Incredibly, yes. Moir genuinely believes the coroner got it wrong: "Healthy and fit 33-year-old men do not just climb into their pyjamas and go to sleep on the sofa, never to wake up again. Whatever the cause of death is, it is not, by any yardstick, a natural one."
At this point, I dare to challenge the renowned international forensic pathologist Jan Moir, because I personally know of two other men (one in his 20s, one in his early 30s), who died in precisely this way. According to the charity Cardiac Risk in the Young (c-r-y.org.uk), "Twelve apparently fit and healthy young people die in the UK from undiagnosed heart conditions" every single week. That's a lot of broken teacups, eh Jan?
Still, if his death wasn't natural "by any yardstick", what did kill him? Moir knows: it was his lifestyle. Because Gately was, y'know . . . homosexual. Having lanced this boil, Moir lets the pus drip out all over her fingers as she continues to type: "The circumstances surrounding his death are more than a little sleazy," she declares. "Cowles and Gately took a young Bulgarian man back to their apartment. It is not disrespectful to assume that a game of canasta . . . was not what was on the cards . . . What happened afterwards is anyone's guess."
Don't hold back, Jan. Have a guess. Draw us a picture. You specialise in celebrity death fantasies, after all.
"His mother is still insisting that her son died from a previously undetected heart condition that has plagued the family." Yes. That poor, blinkered woman, "insisting" in the face of official medical evidence that absolutely agrees with her.

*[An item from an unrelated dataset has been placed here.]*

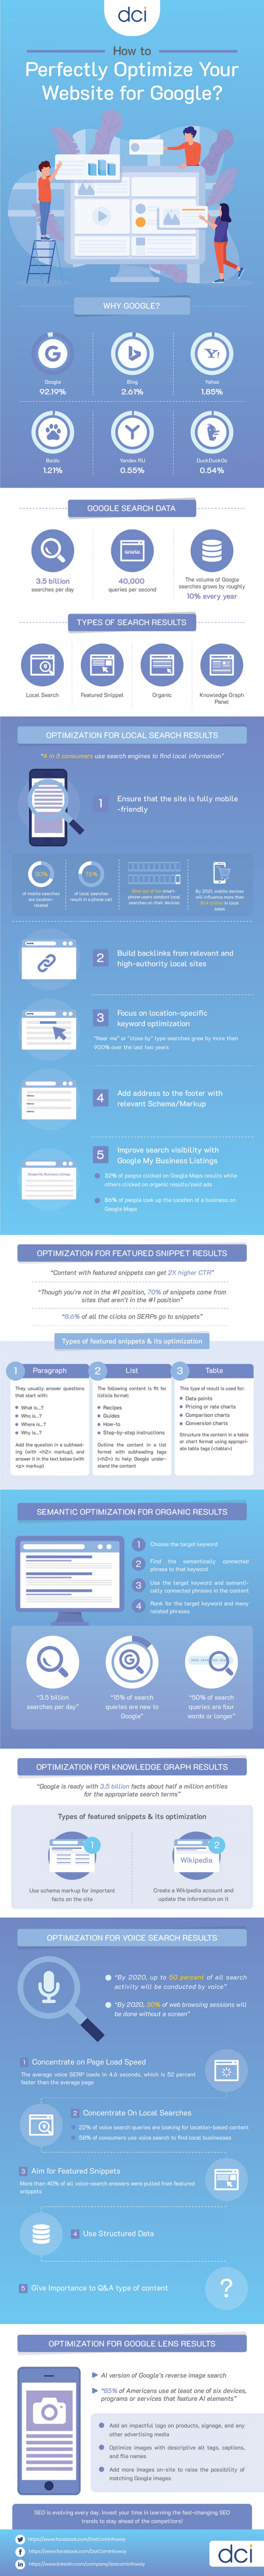 Infographic: How to Perfectly Optimize Your Website for Google? Infographic
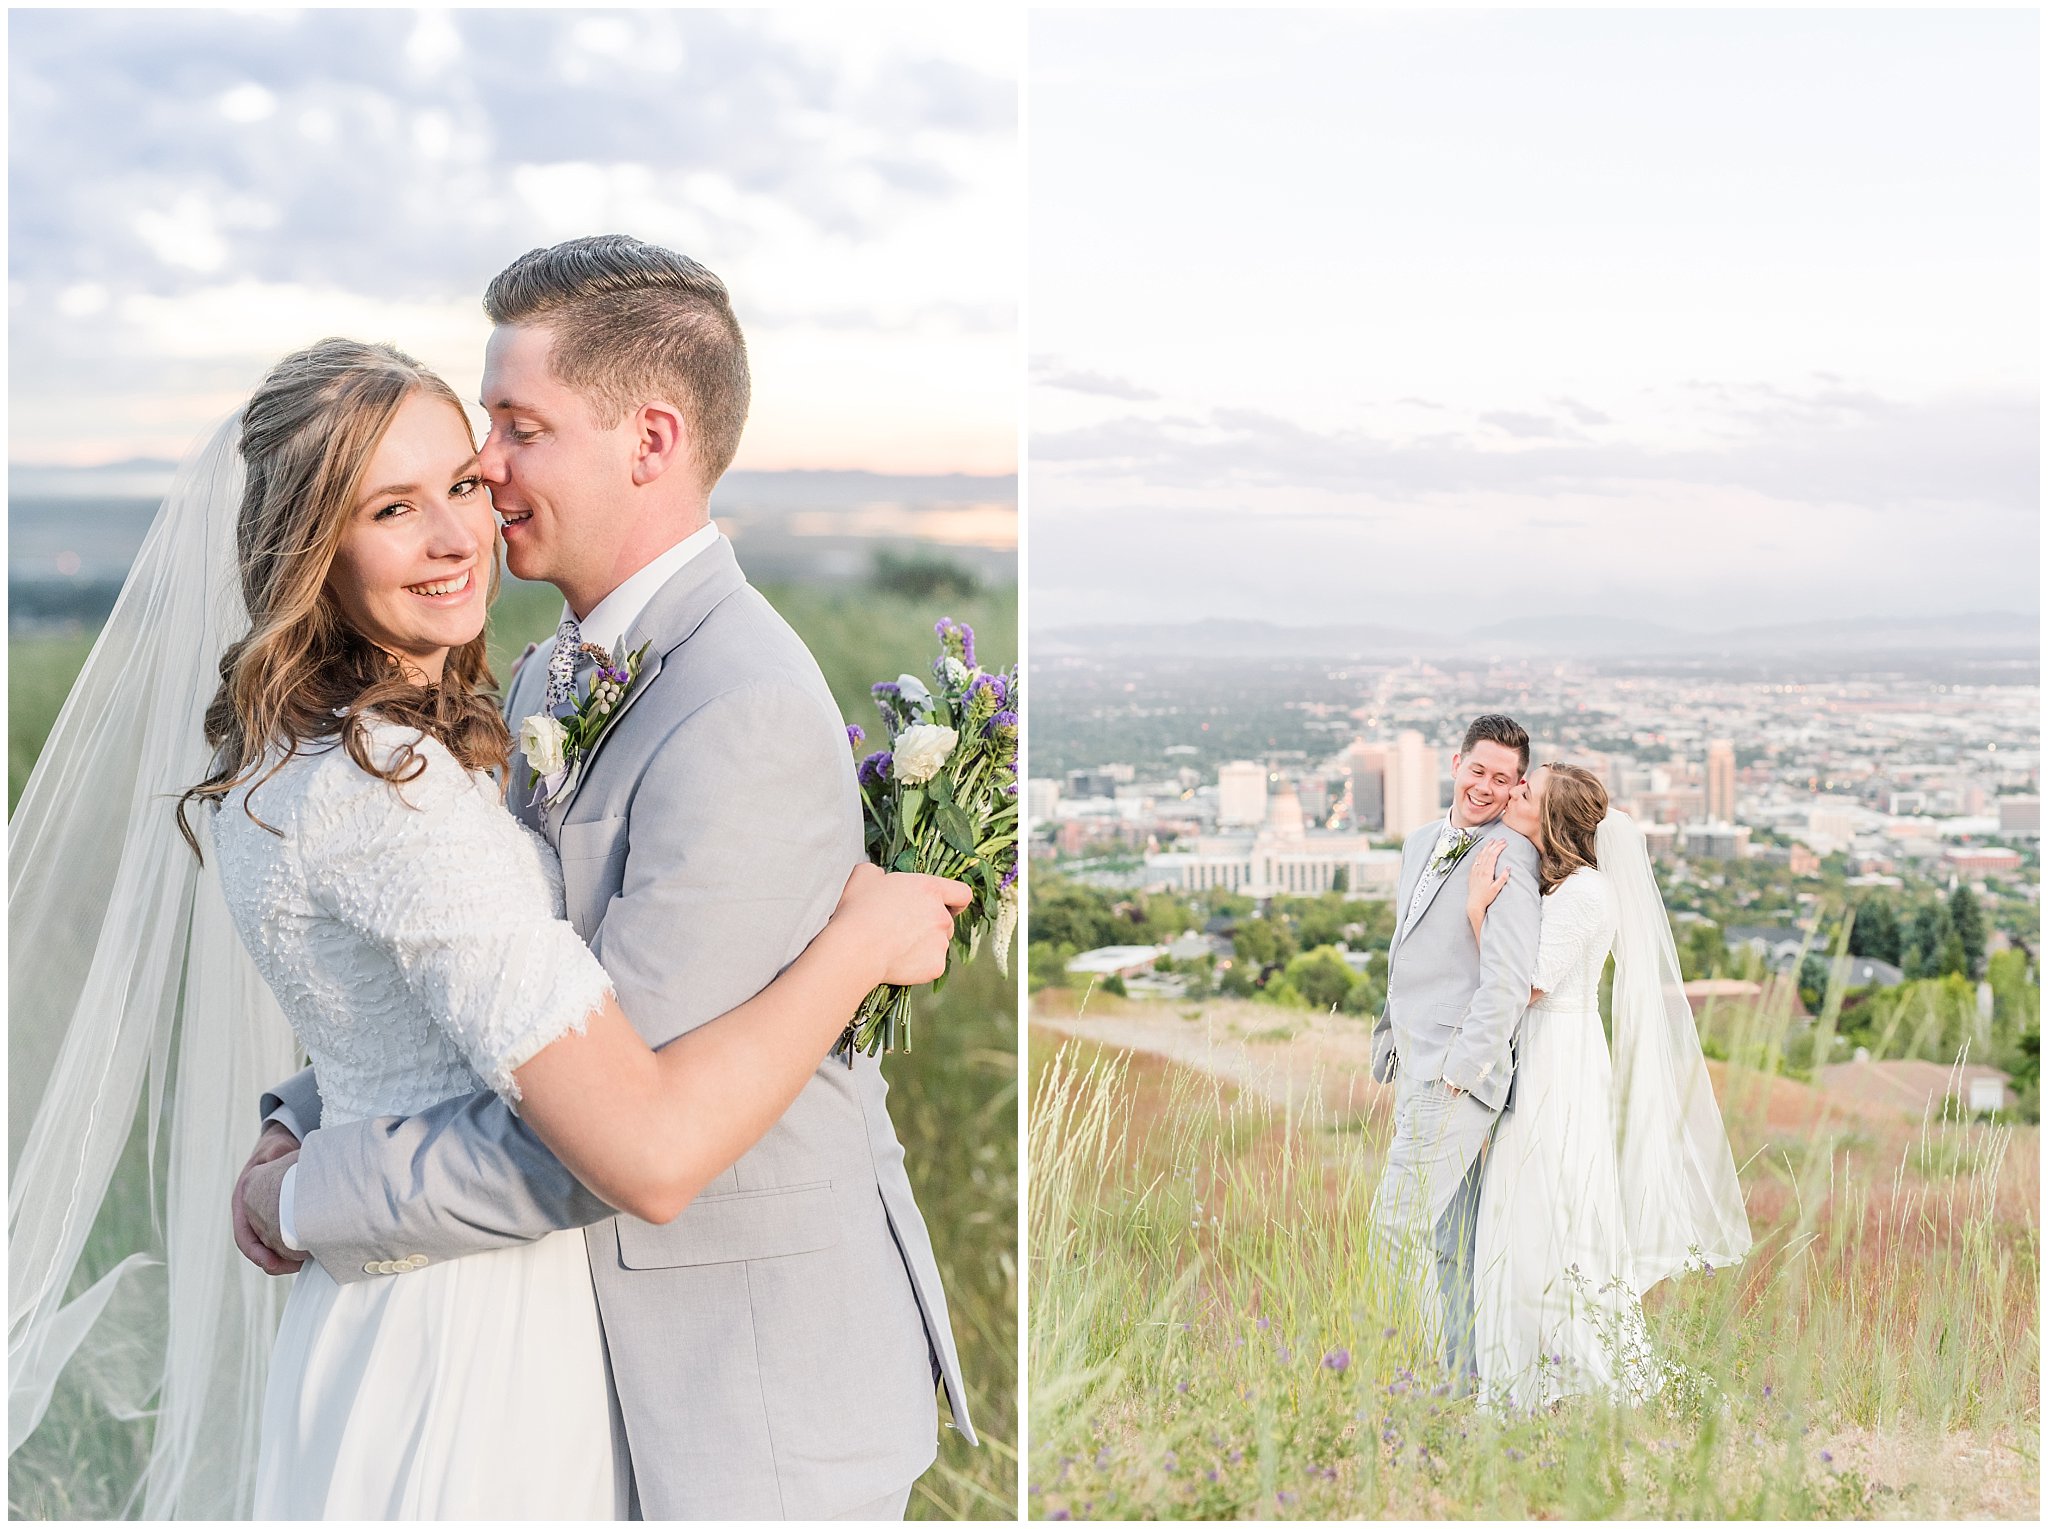 Bride and groom at sunset overlooking Salt Lake City | Wearing elegant, simple dress with veil and grey suit with lavender florals | Elegant formal session at the Salt Lake Temple and Ensign Peak Formal Session | Jessie and Dallin Photography

Anyway, having cast aspersions over a tragic death, doubted a coroner and insulted a grieving mother, Moir's piece builds to its climax: "Another real sadness about Gately's death is that it strikes another blow to the happy-ever-after myth of civil partnerships. . . Gay activists are always calling for tolerance and understanding about same-sex relationships, arguing that they are just the same as heterosexual marriages . . . in many cases this may be true. Yet the recent death of Kevin McGee, the former husband of Little Britain star Matt Lucas, and now the dubious events of Gately's last night raise troubling questions about what happened."
Way to spread the pain around, Jan. Way to link two unrelated tragedies, Jan. Way to gay-bash, Jan.
Jan's paper, the Daily Mail, absolutely adores it when people flock to Ofcom to complain about something offensive, especially when it's something they've only learned about second-hand via an inflammatory article in a newspaper. So it would undoubtedly be delighted if, having read this, you paid a visit to the Press Complaints Commission website (
www.pcc.org.uk) to lodge a complaint about Moir's article on the basis that it breaches sections 1, 5 and 12 of its code of practice.